"Trust but verify" is a common adage. "Hindsight is 20/20" is another one. The best bugs are those hiding in plain sight.
Compiler bugs are located deep in the supply chain, making their effects far more widespread than normal protocol bugs. Numerous contracts across different chains were compiled with vulnerable Vyper versions - it was a race against blackhats.
Here's how it all happened.
Timeline
As a note, I'll use the "we" pronoun loosely here. I think I personally made some insightful contributions towards the initial vulnerability discovery but countless others helped far more throughout the entire process.
13:10 UTC pETH/ETH was drained of $11M.
13:19 UTC Michal posted in ETHSecurity about a sudden drop in pETH price.
Igor first noticed something was off. Thanks to him, we dug deeper.
But how did the bot reenter into add_liquidity() from remove_liquidity()?
14:01 UTC A warroom was formed around this comment.
14:07 UTC We decompiled the JPEGd contract with our favorite decompiler and noted a difference in reentrancy guard storage slot.

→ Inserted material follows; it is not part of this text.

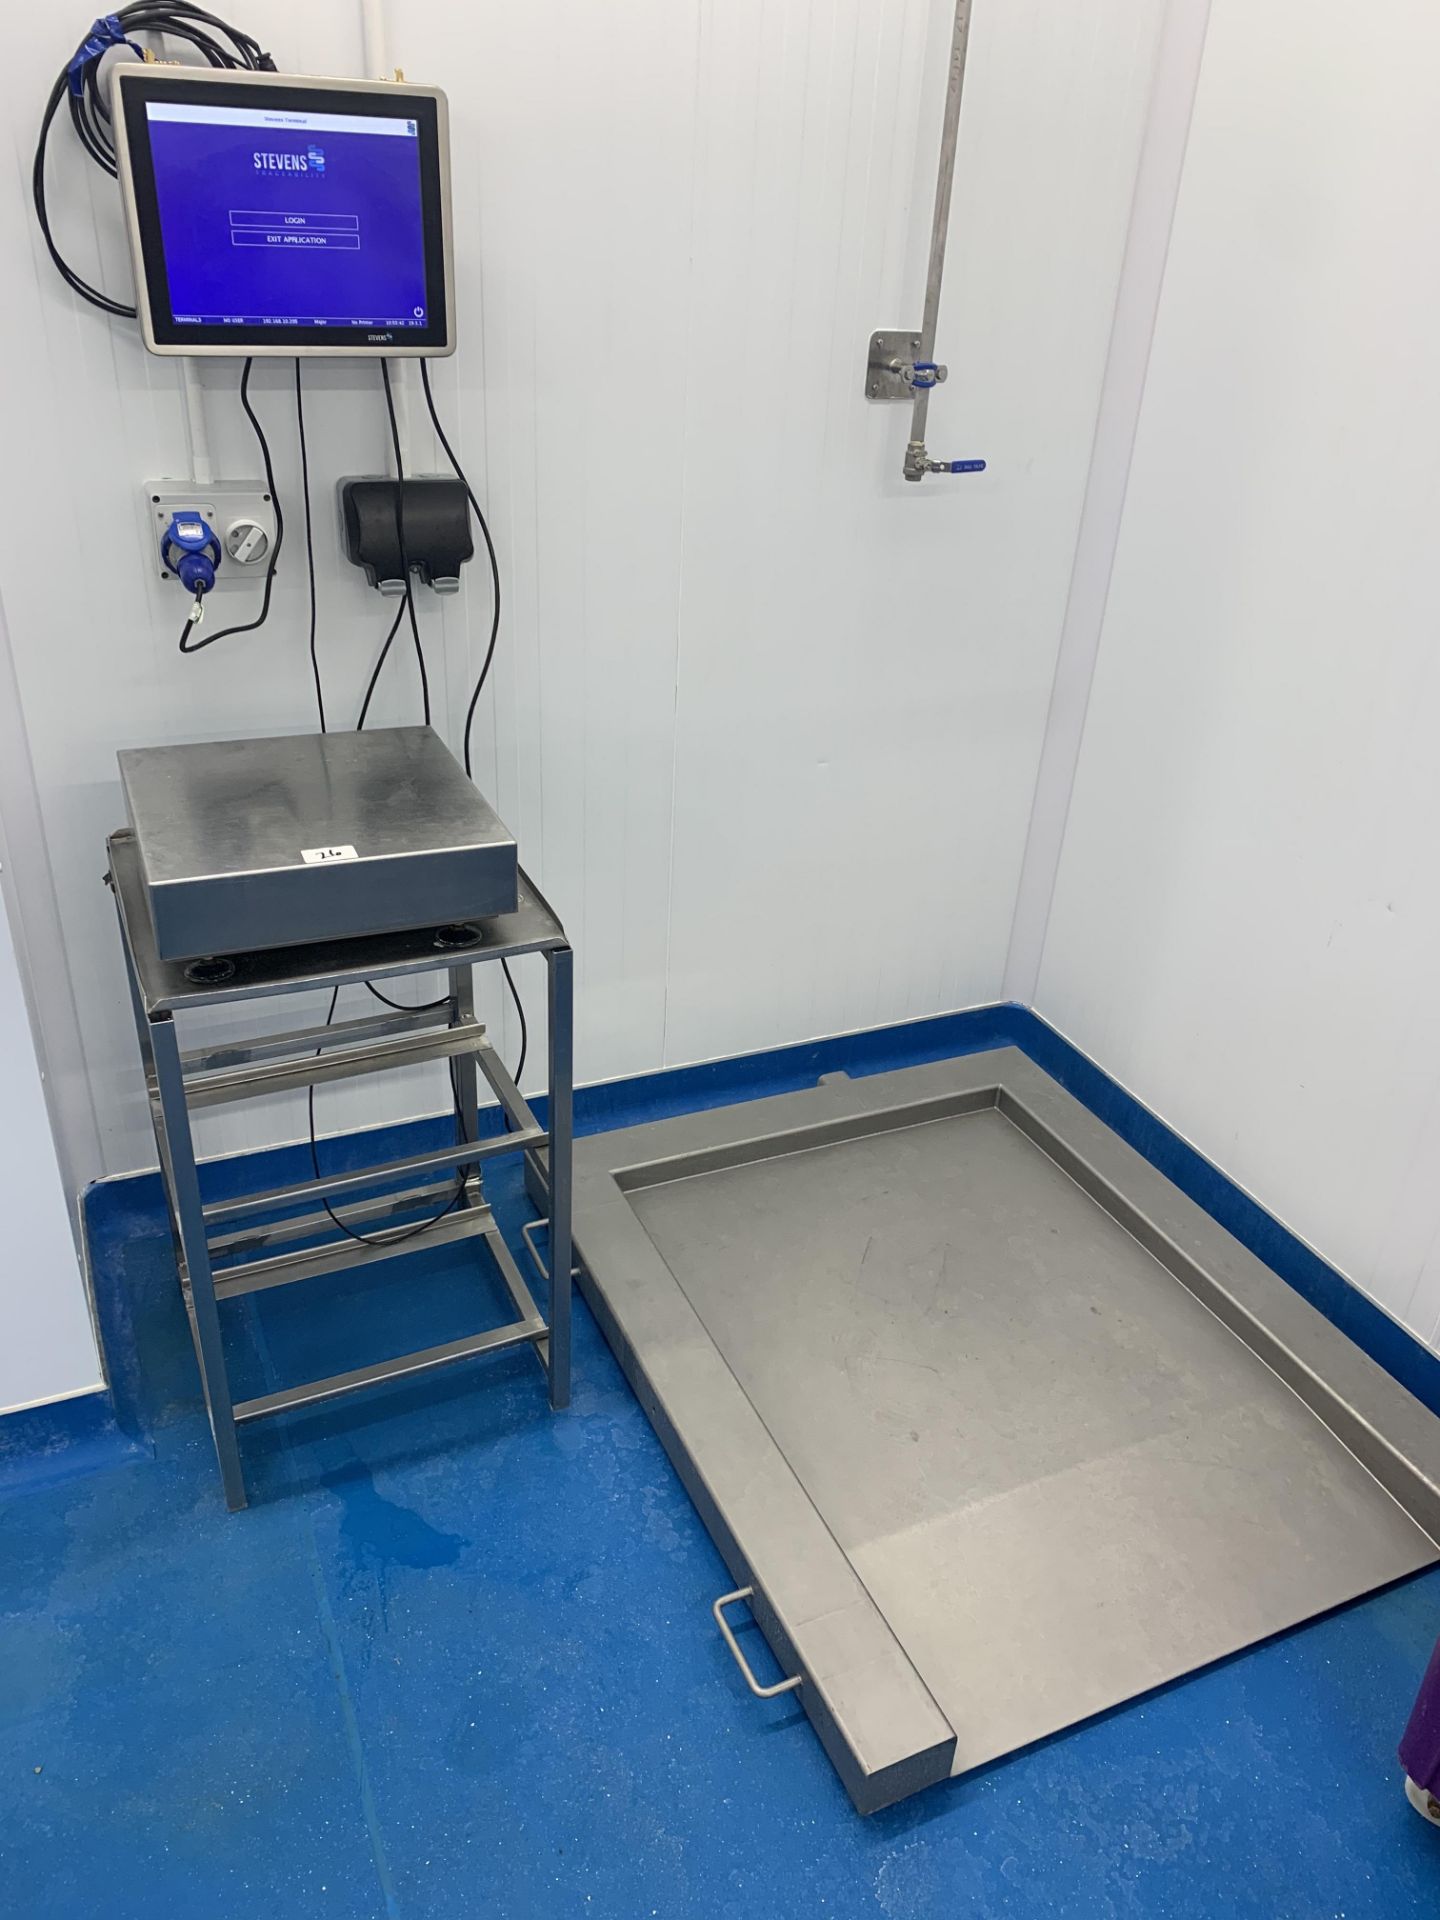 Stevens digital display weighing system drive in platform 800 x 110 mm capacity and table top scale

// Dispatch table entry for add_liquidity(uint256[2],uint256)
label_0057:
if (storage[0x00]) { revert(memory[0x00:0x00]); }
storage[0x00] = 0x01;
// Dispatch table entry for remove_liquidity(uint256,uint256[2])
label_1AF3:
if (storage[0x02]) { revert(memory[0x00:0x00]); }
storage[0x02] = 0x01;
14:27 UTC We confirmed this behavior with a simple local test contract.
@external
@nonreentrant("lock")
def test(addr: address) -> bool:
return True
@external
@nonreentrant("lock")
def test2(addr: address) -> bool:
return False
This was not just another reentrancy bug.

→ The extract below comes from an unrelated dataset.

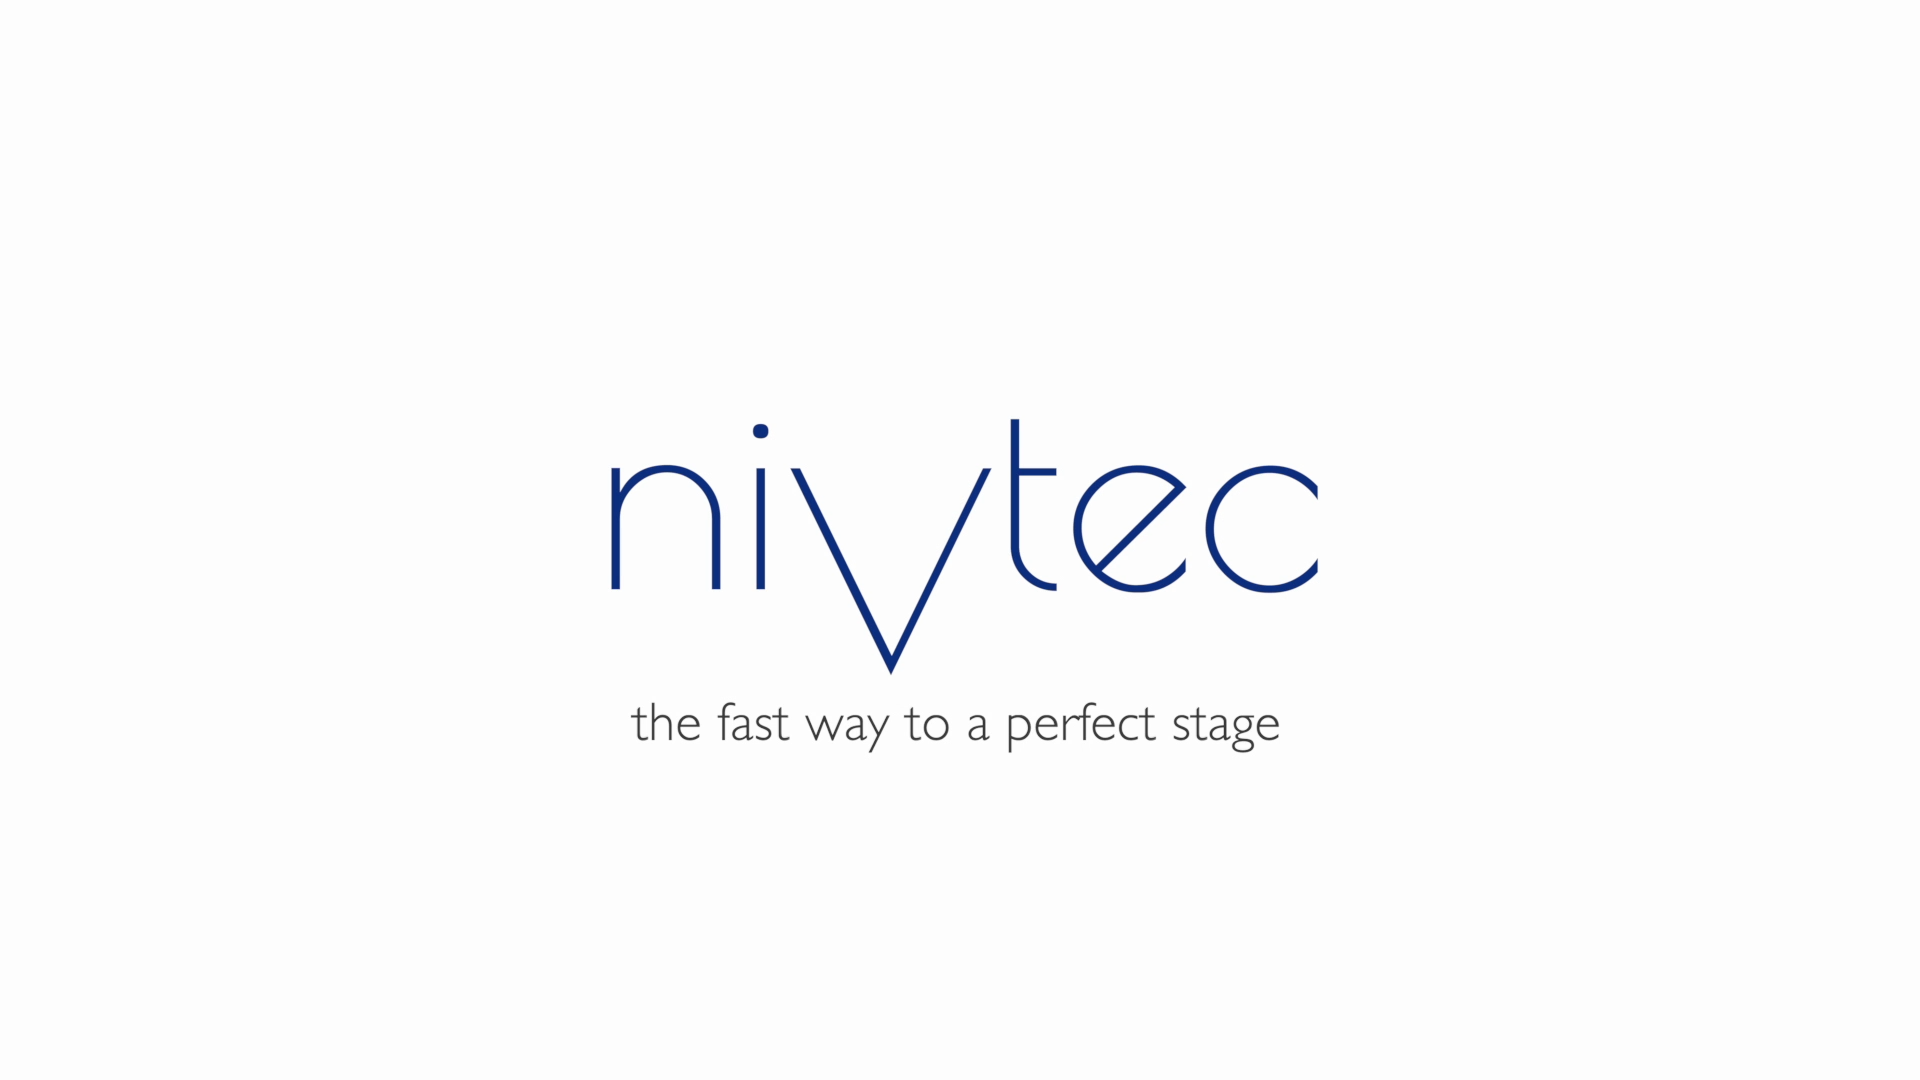 nivtec - the fast way

At this point, we realized just how impactful this would be. There was a blackout of information, and we deleted public messages on the nature of the vulnerability.
14:37 UTC Wavey helped identify the vulnerable commit and affected versions. This was also confirmed by me and Charles by manually inspecting the Vyper compiler output.

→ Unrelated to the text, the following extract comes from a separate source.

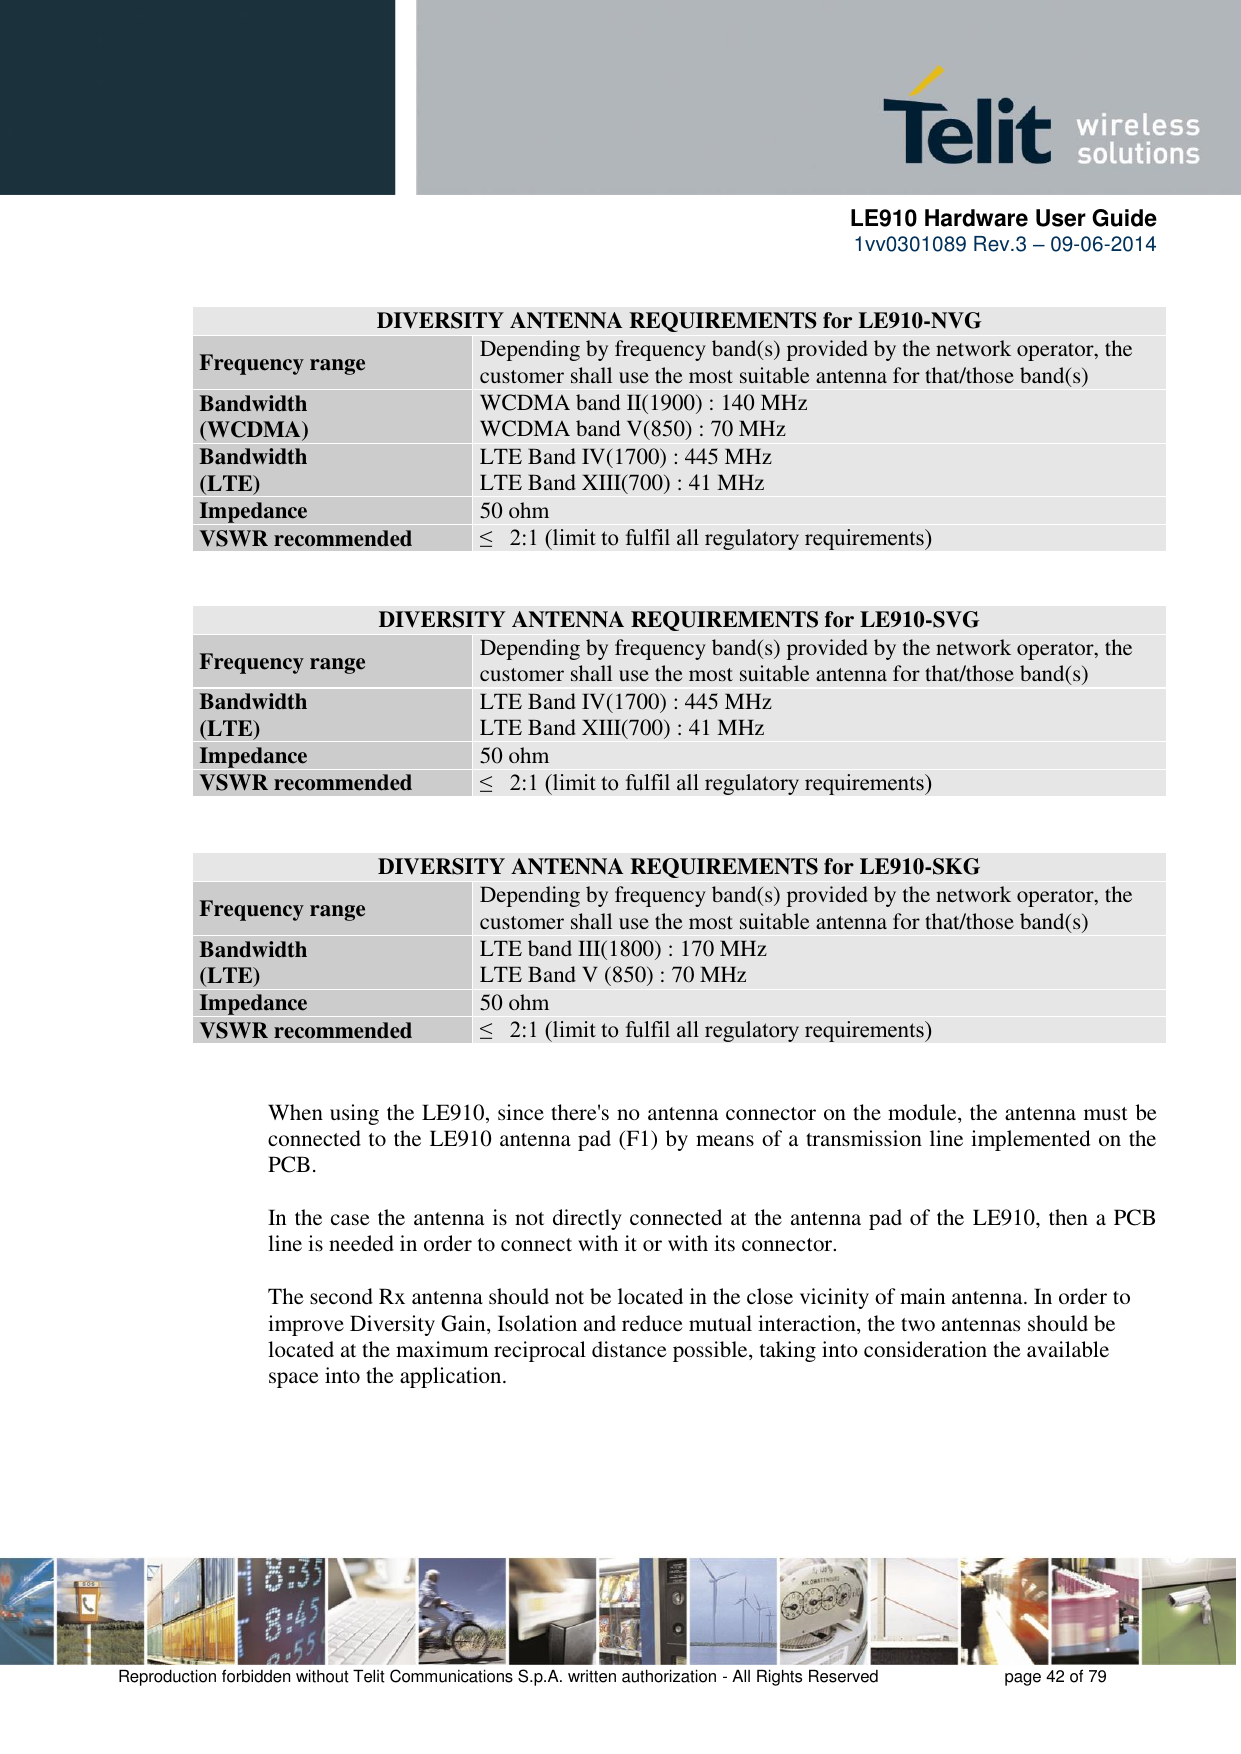      LE910 Hardware User Guide 1vv0301089 Rev.3 – 09-06-2014    Reproduction forbidden without Telit Communications S.p.A. written authorization - All Rights Reserved    page 42 of 79   DIVERSITY ANTENNA REQUIREMENTS for LE910-NVG Frequency range Depending by frequency band(s) provided by the network operator, the customer shall use the most suitable antenna for that/those band(s) Bandwidth  (WCDMA) WCDMA band II(1900) : 140 MHz  WCDMA band V(850) : 70 MHz  Bandwidth  (LTE) LTE Band IV(1700) : 445 MHz  LTE Band XIII(700) : 41 MHz  Impedance 50 ohm VSWR recommended ≤   2:1 (limit to fulfil all regulatory requirements)   DIVERSITY ANTENNA REQUIREMENTS for LE910-SVG Frequency range Depending by frequency band(s) provided by the network operator, the customer shall use the most suitable antenna for that/those band(s) Bandwidth  (LTE) LTE Band IV(1700) : 445 MHz  LTE Band XIII(700) : 41 MHz  Impedance 50 ohm VSWR recommended ≤   2:1 (limit to fulfil all regulatory requirements)  DIVERSITY ANTENNA REQUIREMENTS for LE910-SKG Frequency range Depending by frequency band(s) provided by the network operator, the customer shall use the most suitable antenna for that/those band(s) Bandwidth  (LTE) LTE band III(1800) : 170 MHz  LTE Band V (850) : 70 MHz  Impedance 50 ohm VSWR recommended ≤   2:1 (limit to fulfil all regulatory requirements)  When using the LE910, since there&apos;s no antenna connector on the module, the antenna must be connected to the LE910 antenna pad (F1) by means of a transmission line implemented on the PCB.  In the case the antenna is not directly connected at the antenna pad of the LE910, then a PCB line is needed in order to connect with it or with its connector.   The second Rx antenna should not be located in the close vicinity of main antenna. In order to improve Diversity Gain, Isolation and reduce mutual interaction, the two antennas should be located at the maximum reciprocal distance possible, taking into consideration the available space into the application.

It was a race with the hackers.
Thankfully, people were still confusing this for read-only reentrancy. Taken from the "Web3 Security Alerts" channel.
Alchemix and Metronome DAO also been hacked due to this read-only reentrancy bug: https://twitter.com/hexagate_/status/1685677801813217280
Michael identified alETH and msETH pools, which were also running 0.2.15, as being also potentially vulnerable.
14:50 UTC msETH/ETH was drained.
15:34 UTC alETH/ETH was drained.
15:43 UTC We identified that CRV/ETH was vulnerable, compiled using Vyper version 3.0.0. It was critical that we kept the nature of affected contracts secret for as long as possible.
16:11 UTC We began working on a whitehat exploit.
Unfortunately, too many groups were doing independent research in parallel and rumors were spreading. At 16:44 UTC, we decided to release a public statement on affected versions.
By 18:32 UTC, we had a proof of concept exploit to be used in a potential whitehat recovery. bpak from Chainlight was also working on an exploit in parallel, and shared it at 19:06 UTC.
Five minutes later at 19:11 UTC, somebody else stole the funds.
The attack structure was largely different from either of our proofs of concept, so it was unlikely to have been a leak from our group. Regardless, this was pretty demoralizing.
Nevertheless, there was more ground to cover.
21:26 UTC Addison proposed an ambitious plan to recover the remaining assets in the CRVETH pool.
if you send like 30k crv to the crv/eth pool
you can then update admin fee
and then the crv/eth rate is like .15 eth per crv
so you can basically drain whole pool for few hundred K crv
21:52 UTC bpak had produced a working proof of concept which could recover 3100 ETH.
Ten minutes later at 22:02 UTC, we were beaten again. By some freak concidence, the CRV admin fee bot had claimed fees and the pool was drained1.
Blame
Blame is a strong word. It's not productive to point fingers. At the same time, I think it's useful to think about what could have went better.
Races
In both cases, whitehat efforts were beaten by less than half an hour. Sometimes every second really does count.
There likely could have been better preparation and resources for executing on these attacks. At the same time, this seems like a double-edged sword. Is it really a good idea to aggregate information related how to execute a hack? Who should we trust?
On the other hand, I think the process was quite efficient. We went from initial suspicions to identifying vulnerable variants in 2 hours and 4 minutes.
Information Leakage
I was both an auditor and a whitehat.
There's a strong culture of publishing in auditing. We're paid for technical thought leadership and deep understanding of vulnerabilities. One way to demonstrate this is by publishing the "scoop" on hacks in the wild. Researchers cost a lot and the return on investment is publicity.
On the other hand, there's a compelling argument that early disclosure of the affected versions had a material impact on the whitehat recovery.
Half an hour more could have saved $18M.
Auditors don't pay for externalities created by their reporting. Instead, they get rewarded with likes, retweets, and publicity. Seems like a hard problem.
Next Steps
I disagree with takes like "we need formal verification to solve this". This bug could have been caught with a unit test. Formal verification is very useful for many bug classes, but I'm not convinced it's as useful for relatively simple, non-optimizing compilers.
It's important to note that this bug was patched since November 2021.
I think this Vyper 0day is less about the skill of the Vyper team or the language itself but more about processes.
The bug was a fixed many versions of Vyper ago, the actual oversight was not realizing the potential impact to projects at the time it was fixed.
Unfortunately, public goods get easily forgotten. With immutable contracts, projects can have implicit dependencies on code written years ago. Protocol developers and security experts should stay up to date on security developments across the entire execution stack.
Footnotes
- Thankfully, these funds were later returned. ↩